House debates

Monday, 26 October 2020

Adjournment

South Australia: 2020 Spirit of Excellence in Agriculture Awards

7:46 pm

Photo of Rowan RamseyRowan Ramsey (Grey, Liberal Party) Share this | | Hansard source

Last Friday night, I had the honour of attending the South Australian Spirit of Excellence in Agriculture Awards, hosted by the Agricultural Bureau of South Australia and attended by the new South Australian minister for agriculture, David Basham, and also by the member for MacKillop, Nick McBride, and the Labor member for Light, Tony Piccolo. The night was compered by the wonderful, enthusiastic Alex Thomas, and it was good to catch up with her again.

It was an awards night, but it was also an opportunity to give a send-off to the retiring chair of the advisory board, Mark Grossman, who served nine years in that position, and all and sundry and I thanked him for that commitment over that long period of time. It gave me an opportunity, too, to meet the incoming chair, Janette Ridgeway. That was a pleasure as well. I'm sure the entire agricultural community looks forward to working with Janette.

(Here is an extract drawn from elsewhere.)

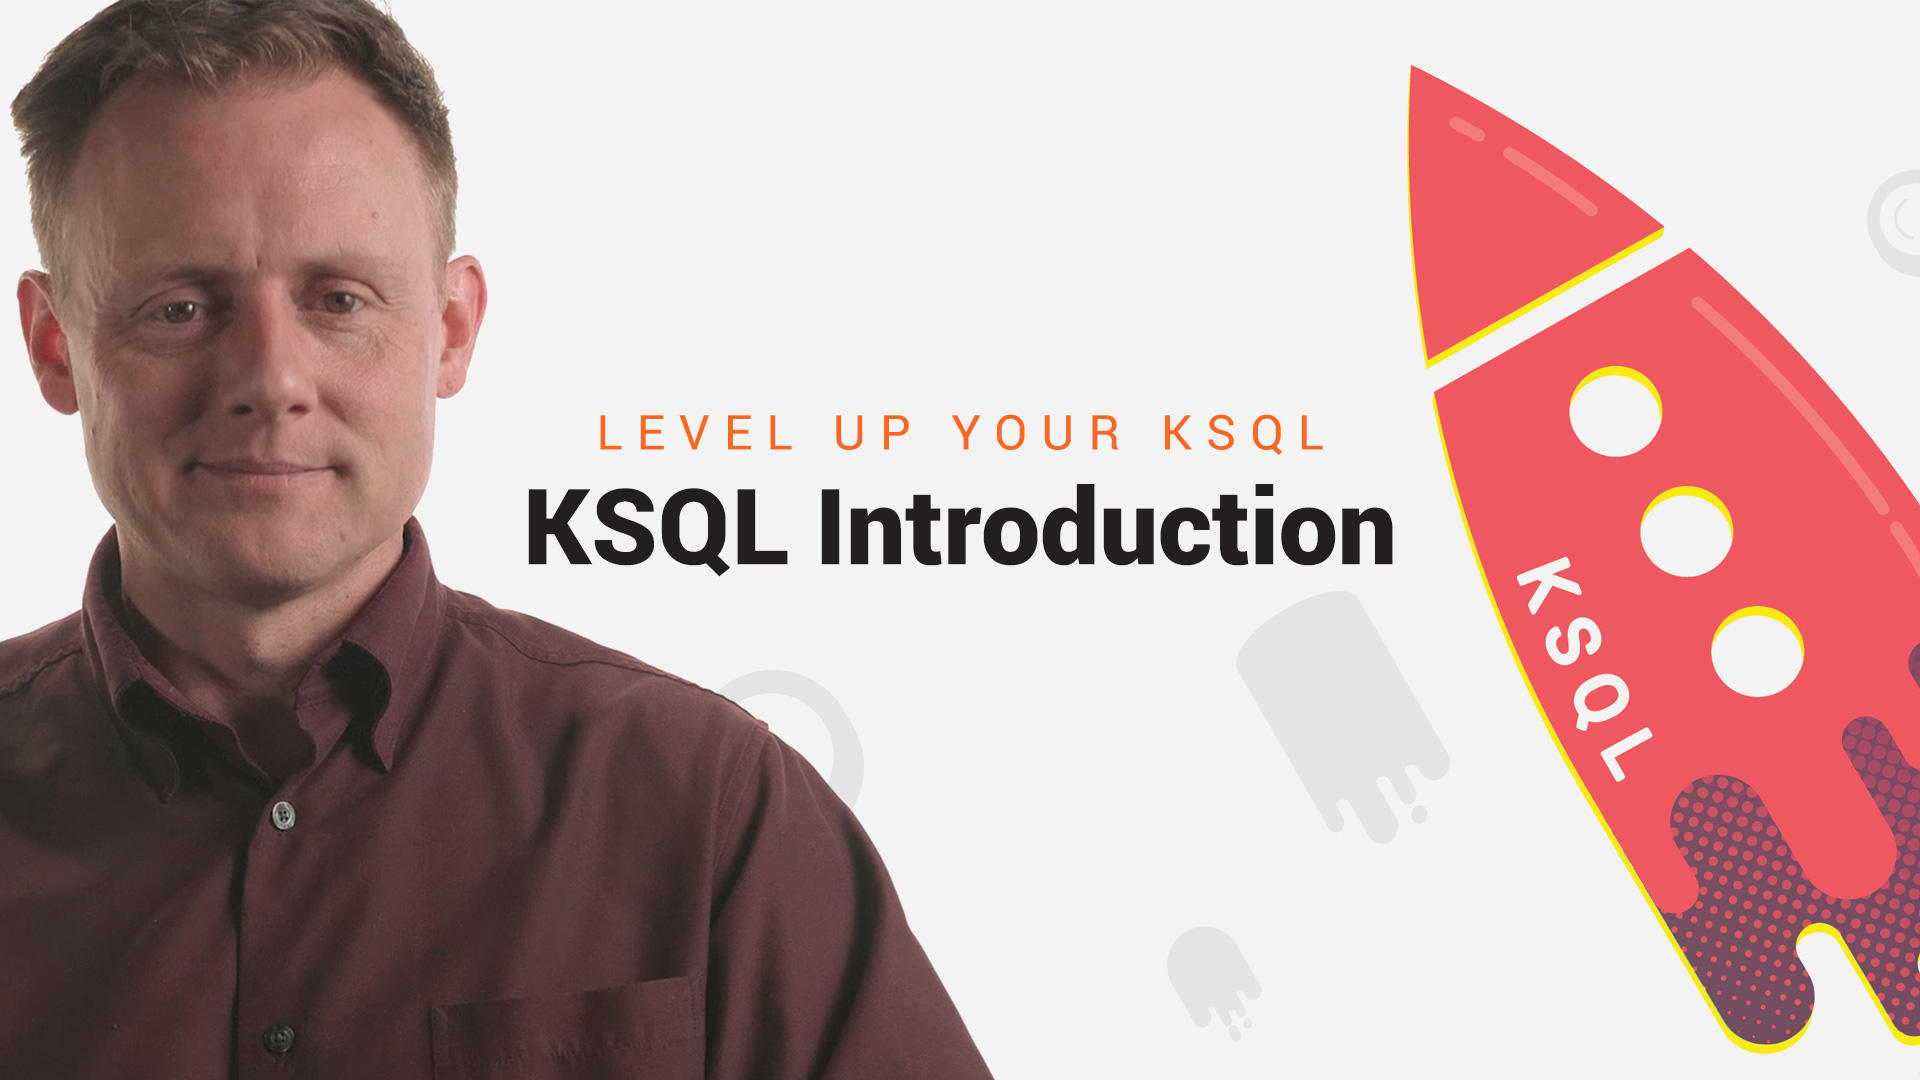 KSQL Introduction | Level Up your KSQL

But the night, as it should have, belonged to the award winners. I'm pleased to announce that Ellen Zibell from Kimba, my home town—in fact, remarkably, my home farming community to the north-west—won the 2020 Sustainable Agriculture Scholarship for Farmers. This is a rather special award for me in so much as the scholarship is in memory of the late Peter and Wendy Olsen, who lost their lives tragically in aeroplane accident 20 years ago in May. Peter and Wendy were close personal friends of my wife and I. It was a shocking day and a shocking time. But it is good that each year we remember them when these awards come around, and now there is a good, special reason for Ellen Zibell to remember them as well. Ellen won an $8,000 bursary. She is the co-director of a family farming business 50 kilometres north-west of Kimba and, together with her husband, Brett, and his brother, Mark, and his wife, Lisa, runs 7,750 hectares of land. They are a mixed cropping and livestock enterprise. She has a vision to diversify her family farm to grow unique ancient grains, sustainably regenerate the landscape, restore biodiversity and improve soil health to directly improve the environment, farming land and personal health. She has a vision to make the change that is needed for future generations to secure the longevity of farming. Ellen said:

Taking some time to focus on raising our family, studying, and trying to help where I can with farming has given me the opportunity to live and witness the struggles of farming all around me.

Ellen also believes the next generation of farmers will need different skills and that they need to question the current ways of doing things. She said:

We need to have a state of constant curiosity to move forward in the industry we love for generations to come.

So good on you, Ellen. The two other young farmers in that area were Jasmin Piggott from Cowell and Brody Sivia from Arno Bay, communities quite close to Kimba.

Then we had the Rural Youth Bursary, which is a $5,000 award sponsored by Primary Industries. The winner was Matthew Maunder, from Glossop. Glossop is a small community between Berri and Barmera. Matthew comes from New South Wales and is a product of the rural science degree at the University of New England. He spent some time in western New South Wales in broadacre cropping, but he has come to be an expert in the citrus industry. He is working now for the technical officer at Australia's largest citrus farm, Costa Group's Kangara farm in the Riverland. Matthew's role has allowed him to manage numerous research trials looking at irrigation, chemical fertiliser, environmental sustainability and their operations. What he had hoped to do with his bursary was attend the International Citrus Congress in Turkey, but unfortunately, owing to the virus that is interrupting our lifestyles all around the world, he is having to rescope that. Instead, he will be travelling, I think, around Australia, making sure he is up to date on the best of technology.

Well done to the winners and well done to the people who put their names forward and were willing to be assessed on their work. Well done to the Advisory Board of Agriculture, who continue to be an ear and a message line to the minister to keep them in touch with this really important industry that I am so excited by every time I mix with the young farmers, such as those that were at that event on Friday night.